● **ACTION ITEM**:
At the line that contains "Annual Plan 1972-73", begin setting down every line word for word, and stop after the last line of the listing.
** DATA RECORDS follows **
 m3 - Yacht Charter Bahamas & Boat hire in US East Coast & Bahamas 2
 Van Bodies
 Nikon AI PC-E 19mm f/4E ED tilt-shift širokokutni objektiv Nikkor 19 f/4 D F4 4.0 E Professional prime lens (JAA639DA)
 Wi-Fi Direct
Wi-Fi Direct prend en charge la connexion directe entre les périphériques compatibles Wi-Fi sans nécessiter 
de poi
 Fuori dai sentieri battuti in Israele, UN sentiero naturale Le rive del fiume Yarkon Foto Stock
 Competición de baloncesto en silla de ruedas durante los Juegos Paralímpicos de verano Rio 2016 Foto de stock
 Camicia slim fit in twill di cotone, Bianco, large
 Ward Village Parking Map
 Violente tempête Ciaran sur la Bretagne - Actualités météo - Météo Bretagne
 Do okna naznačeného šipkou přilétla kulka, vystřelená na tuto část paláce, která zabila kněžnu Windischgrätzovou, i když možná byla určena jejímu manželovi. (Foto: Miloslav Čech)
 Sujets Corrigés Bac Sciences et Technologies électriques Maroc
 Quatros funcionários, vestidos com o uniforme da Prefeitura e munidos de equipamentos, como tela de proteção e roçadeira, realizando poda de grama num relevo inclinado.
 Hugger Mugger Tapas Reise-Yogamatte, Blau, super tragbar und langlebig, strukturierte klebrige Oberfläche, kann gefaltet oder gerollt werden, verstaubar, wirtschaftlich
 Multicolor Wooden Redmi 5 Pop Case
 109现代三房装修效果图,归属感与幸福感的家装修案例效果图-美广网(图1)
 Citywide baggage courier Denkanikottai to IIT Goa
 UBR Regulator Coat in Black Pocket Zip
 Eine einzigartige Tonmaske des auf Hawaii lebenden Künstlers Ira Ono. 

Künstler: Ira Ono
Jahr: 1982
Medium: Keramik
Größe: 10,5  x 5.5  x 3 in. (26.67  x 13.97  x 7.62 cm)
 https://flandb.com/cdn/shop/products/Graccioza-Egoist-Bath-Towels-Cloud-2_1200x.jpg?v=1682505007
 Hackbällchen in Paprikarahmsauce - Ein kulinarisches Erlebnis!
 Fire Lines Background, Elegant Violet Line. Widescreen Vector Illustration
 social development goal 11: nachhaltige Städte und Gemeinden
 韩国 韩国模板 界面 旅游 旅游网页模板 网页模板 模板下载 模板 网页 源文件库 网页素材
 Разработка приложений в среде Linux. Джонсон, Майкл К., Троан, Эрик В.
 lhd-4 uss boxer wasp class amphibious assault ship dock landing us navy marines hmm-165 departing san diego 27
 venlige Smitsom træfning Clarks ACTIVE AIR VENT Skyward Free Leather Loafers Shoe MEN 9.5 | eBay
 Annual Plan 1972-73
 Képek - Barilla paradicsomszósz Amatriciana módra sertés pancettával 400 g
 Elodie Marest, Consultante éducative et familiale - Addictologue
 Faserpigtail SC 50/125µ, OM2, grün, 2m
** End of DATA RECORDS **
● **ANSWER SPACE**:
 Annual Plan 1972-73
 Képek - Barilla paradicsomszósz Amatriciana módra sertés pancettával 400 g
 Elodie Marest, Consultante éducative et familiale - Addictologue
 Faserpigtail SC 50/125µ, OM2, grün, 2m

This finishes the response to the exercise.